Director: Steve Miner
Cast: Dana Kimmell, Larry Zerner, Tracey Savage, Jeffrey Rogers, Catherine Parks, Paul Kratka, David Katims, Rachel Howard
Plot: Chris (Kimmell) takes her friends to a cabin for a weekend of partying, while also facing her fears from the time she was attacked by a disfigured psychopath three years ago.
Friday the 13th boasts its best leading lady since it kicked off. Finally we have not only a girl who can partially act (Dana Kimmell struggles with terrible dialogue, but at least manages to rise above it for certain moments), but a girl with an interesting back story. Scrap that, a back story at all. While Adrianne King and Amy Steel simply played the same empty character as everyone else, with the small exception that they got to survive, Kimmell is given someone with past experience with the deadly killer, known as Jason. Apparently, a year before the first film, Chris and her family stayed at a cabin, near the infamous summer camp, and Chris barely escaped an attack from Jason. Her parents buried the incident and Chris, now older and wiser, decides to face her fears by spending a weekend at the cabin. She takes her friends who want to get drunk and have sex, because this is a Friday the 13th movie after all. At the very least, as the fear kicks in, we have a character we can bond with and pray she sees it through to the end. And that brings me to the end of all the good things I have to say about this movie.
Friday the 13th is the kind of movie that is being fuelled by its cult fans. It keeps its game plan very simple. Spend next to no money on the production and rake in the cash from the millions of fans who buy this stuff, just because it is another Friday the 13th movie. As a result, we are treated to the same movie for the third time in a row. A painful five minutes goes into a replaying of the last movie (this time it isn’t even the highlights, merely a five minute scene copy and pasted into the opening sequence – terrible and lazy!). Then, it is business as usual, as thinly written characters are introduced and butchered off. I know that I am coming to the wrong place for memorable characters and decent writing, but I cannot help but get frustrated when the movie doesn’t just not develop anyone, but ignores easy opportunities for a quick chance at characterisation. The subplot between the fat kid and his blind date looks like it is going somewhere, but… oh no! Jason’s here. All story is abandoned other than the words ‘stab, stab’ scribbled onto a script. Other characters are just ignored totally. Two stoners show up at the start and literally plonk themselves into the corner of the cabin, doing nothing, until it is their time to be killed off (not a spoiler – when your characters have three lines each in a Friday the 13th movie, no one expects them to make it to the final act). Other characters are just annoying, like the mandatory sex-obsessed couple. The twist is that she is pregnant, perhaps a ploy to make us care more. It doesn’t work, based on the fact that the boy in the couple offers her a beer. My face began hurting from the level of face-palming that was going on.

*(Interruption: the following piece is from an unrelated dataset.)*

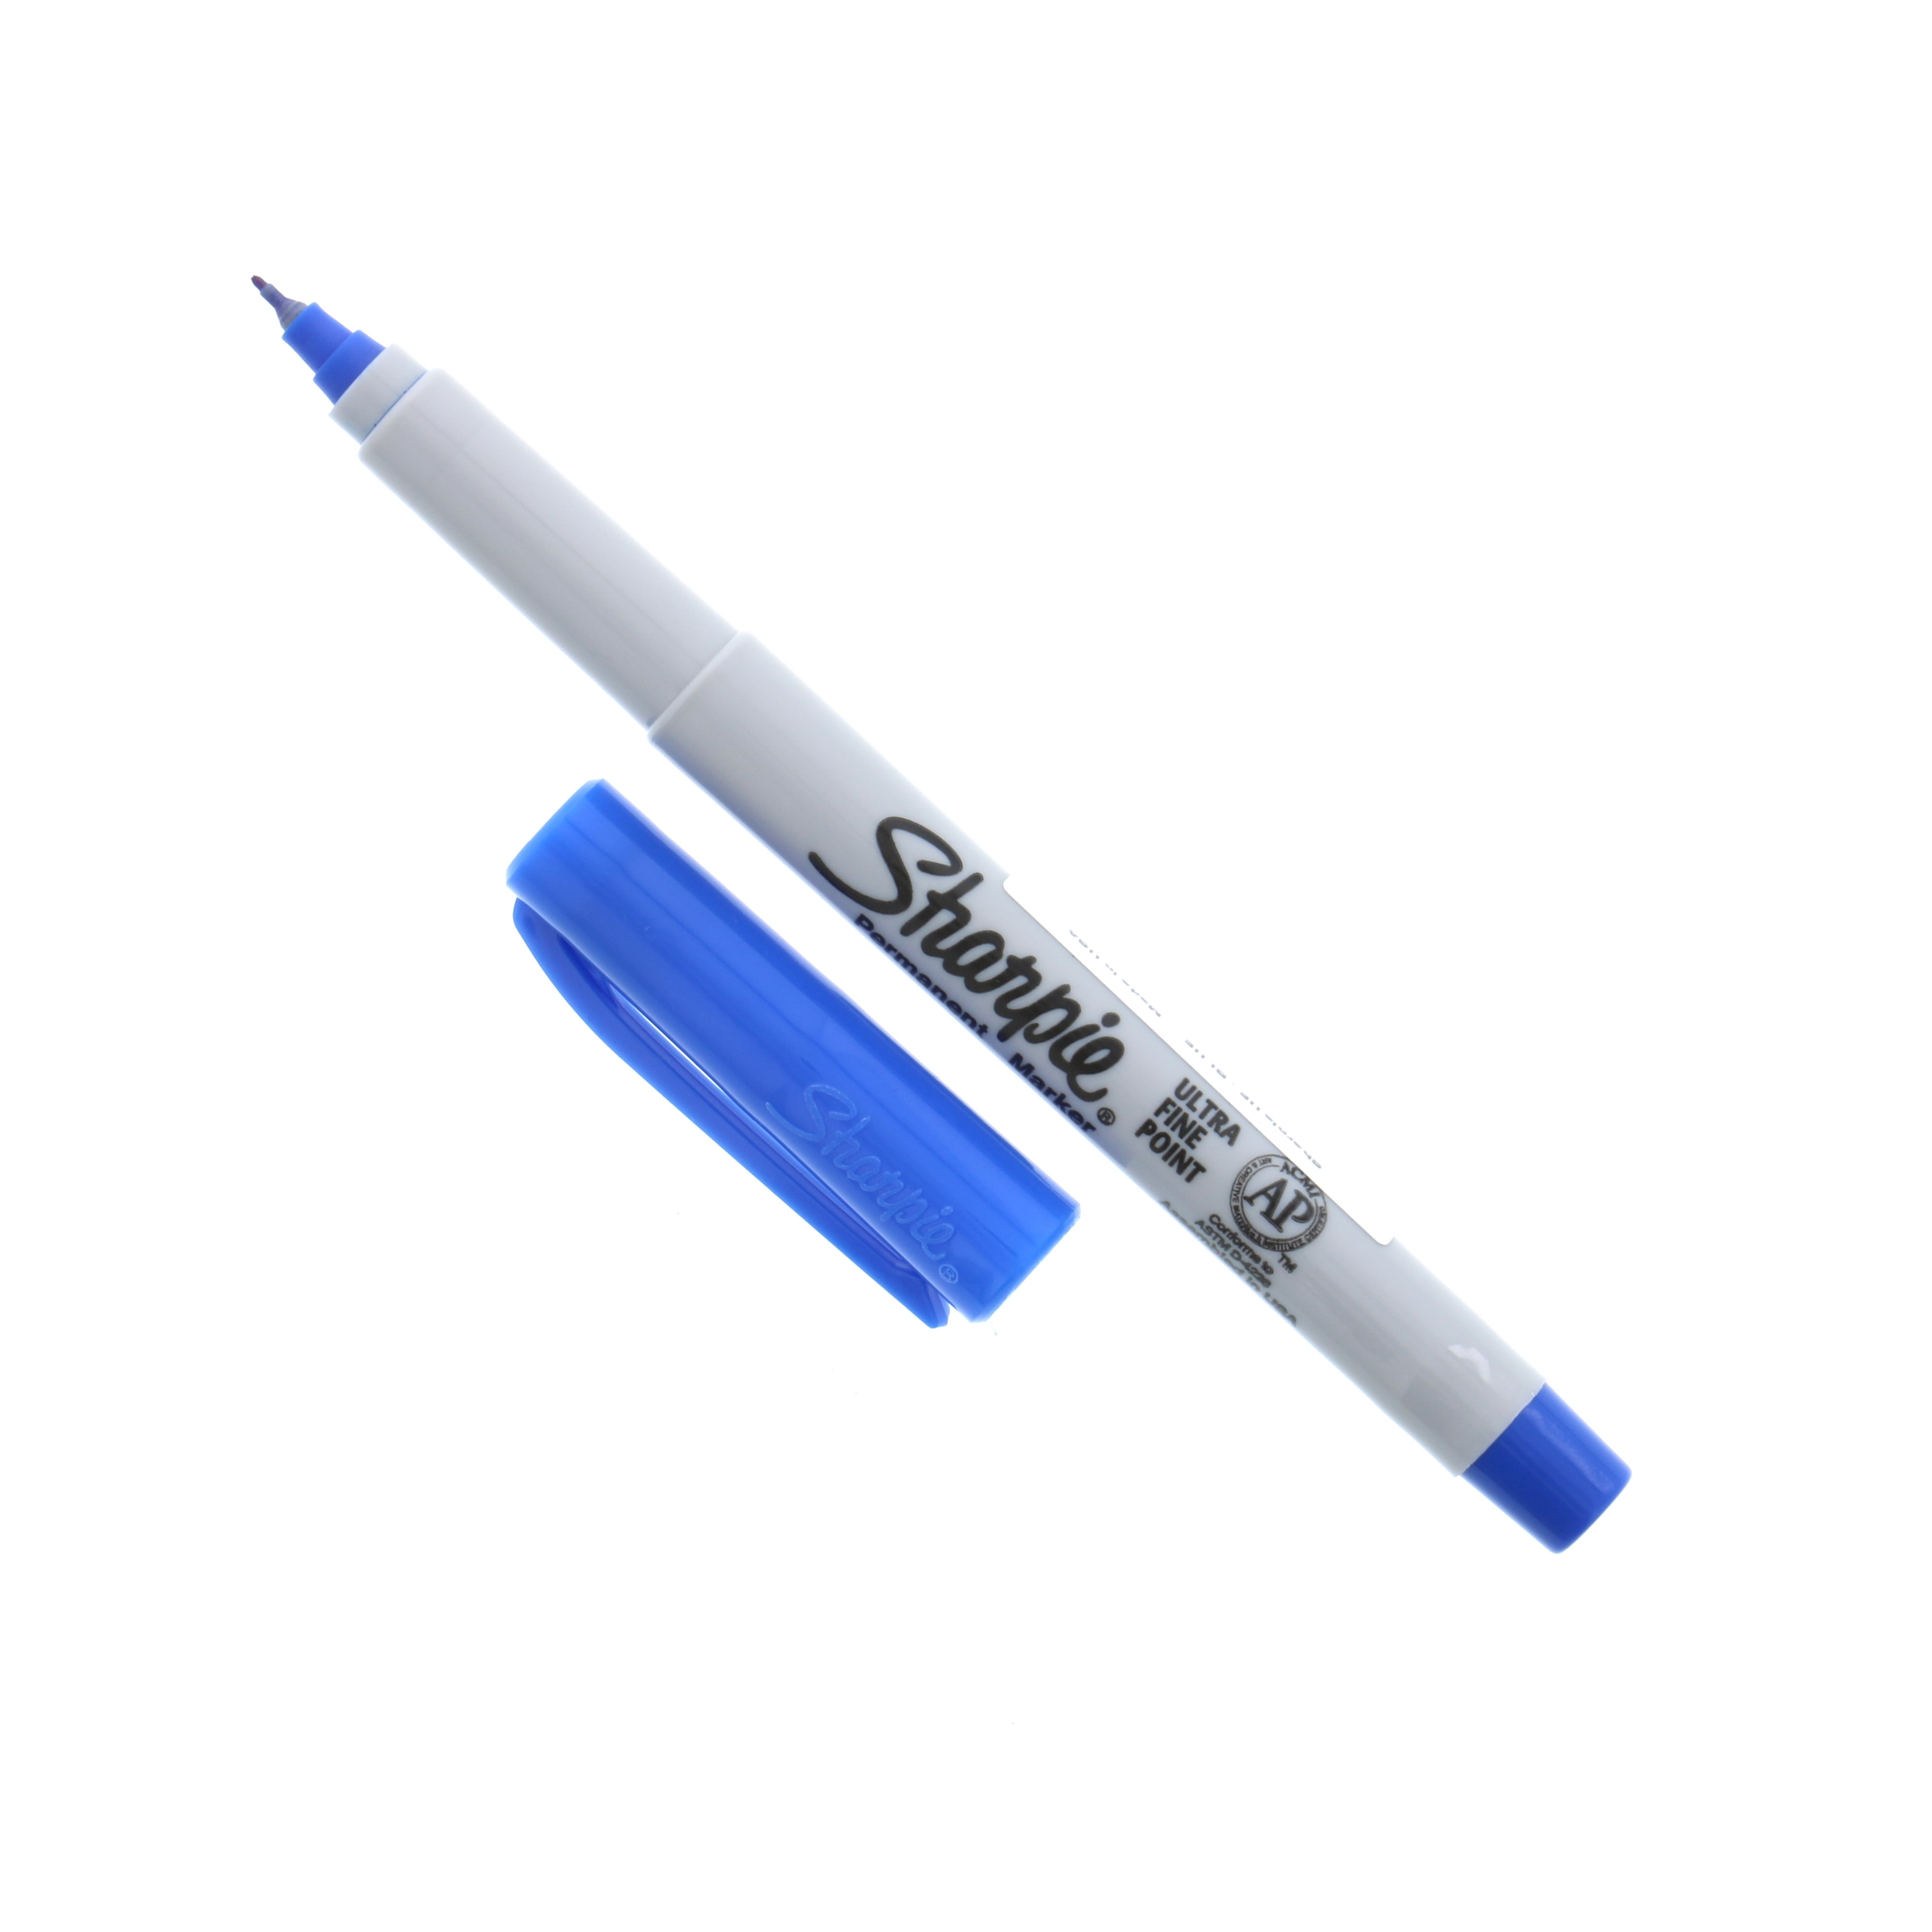 Sharpie 37003 Blue Ultra-Fine Point Permanent Marker - 12/Pack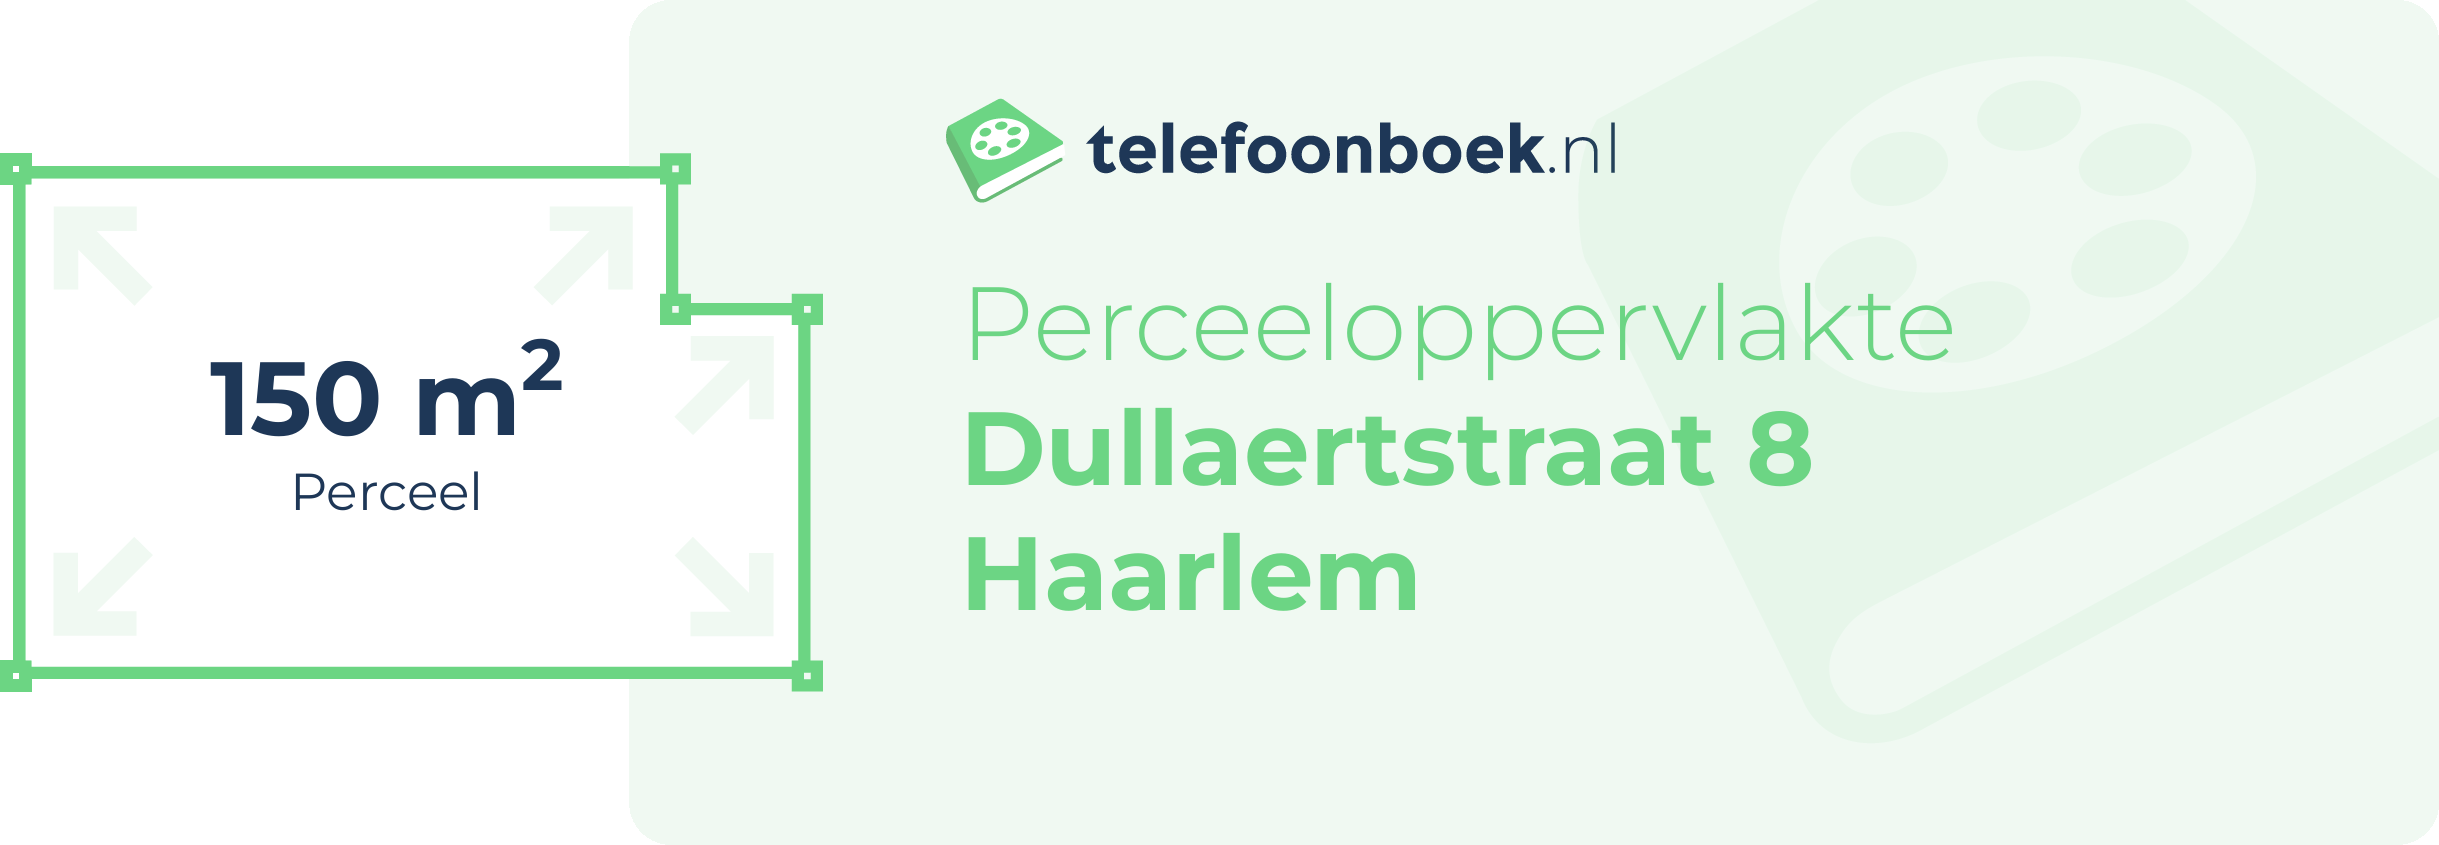 Perceeloppervlakte Dullaertstraat 8 Haarlem

The fear is poorly done, compared to the second, which looked like it was beginning to figure out how to make a Jason Voorhees movie (step one: actually used Jason!). However, other than a handful of red herrings that are surprisingly effective, if a little overdone, there is little going for the spook factor. The problem is that the same routine is always being repeated. Because no one ever finds out that they are being hunted, until the last possible minute, there is no arc to their fear. It is simply ‘nothing is wrong – oh wait, something’s up – sudden shock if they’re not already dead’. There is never any slow dread, as they realise that they are being bumped off one by one. This means that we are essentially being treated to the exact same scene again and again, made even worse because this is the third time around. Monotony is beginning to sink in. Some deaths are worth the wait (a harpoon is used in quite a good kill). Some aren’t (Chris’s boyfriend gets killed off in a laughably terrible way). Worse though is the fact that there aren’t any surprises waiting for us. We know the drill and as soon as we are halfway through, realising this movie hasn’t got anything new in store for us, the rest of the movie becomes a dull hour of screaming teenagers. At least, I finally got the hockey mask!
Final Verdict: Friday the 13th has somehow made a living out of cultdom, but on reflection, the series is just making the same bad movie over and over again.